In the context of algorithmic fairness, sensitive attributes are those that may indicate membership in a protected group, which should not influence decisions or outcomes. These attributes often pertain to personal characteristics such as gender, race, age, religion, disability status, or other characteristics protected under anti-discrimination laws. In the provided event log attributes, the following can be considered sensitive attributes for fairness concerns:

1. **case:citizen** - Indicates whether the applicant is a citizen or not. This can be a sensitive attribute if citizenship status is not relevant to the outcome in the process being analyzed, such as a loan application process.

2. **case:gender** - Indicates the gender of the case. Gender should not influence the outcome in many processes and is typically considered a sensitive attribute in fairness discussions.

3. **case:german speaking** - Indicates whether the applicant speaks German. This can be a sensitive attribute, as language should not be a discriminatory factor in many processes.
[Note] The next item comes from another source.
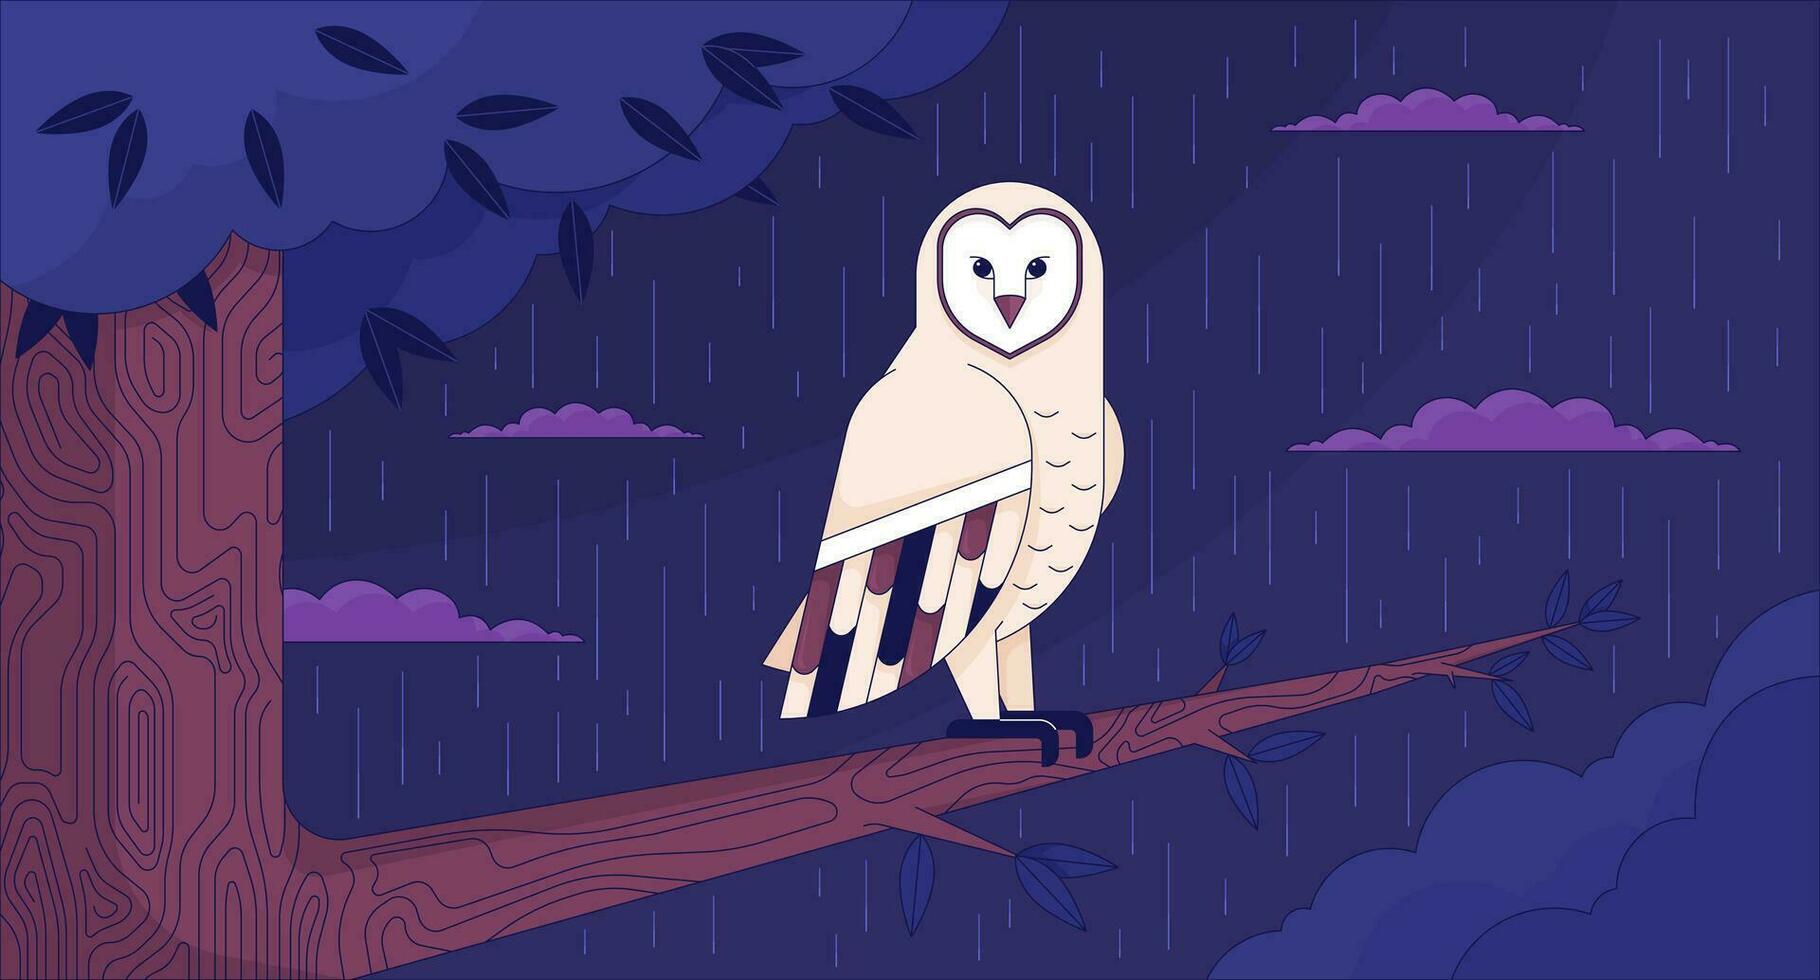 Owl sitting on tree branch in night rainy lofi wallpaper. Nocturnal bird of prey forest rainy 2D cartoon flat illustration. Nostalgia. Dreamy vibe chill vector art, lo fi aesthetic colorful background

For the fairness analysis in the loan application process, these attributes should not influence the outcome, such as loan approval or denial. However, if biases or discrimination exist in the process based on these attributes, it could result in unfair treatment of certain groups. For instance, if loan approval rates vary significantly based on citizenship, gender, or language, this could indicate unfairness in the process.

To assess fairness, one would analyze the correlation between these sensitive attributes and outcomes such as loan approval, as well as the performance metrics for different demographic groups. Disparities in outcome frequencies or performance metrics (e.g., higher loan denial rates for non-citizens, non-German speakers, or one gender) could indicate potential biases or discriminatory practices. Analyzing such disparities can help in identifying and mitigating bias in automated decision-making processes.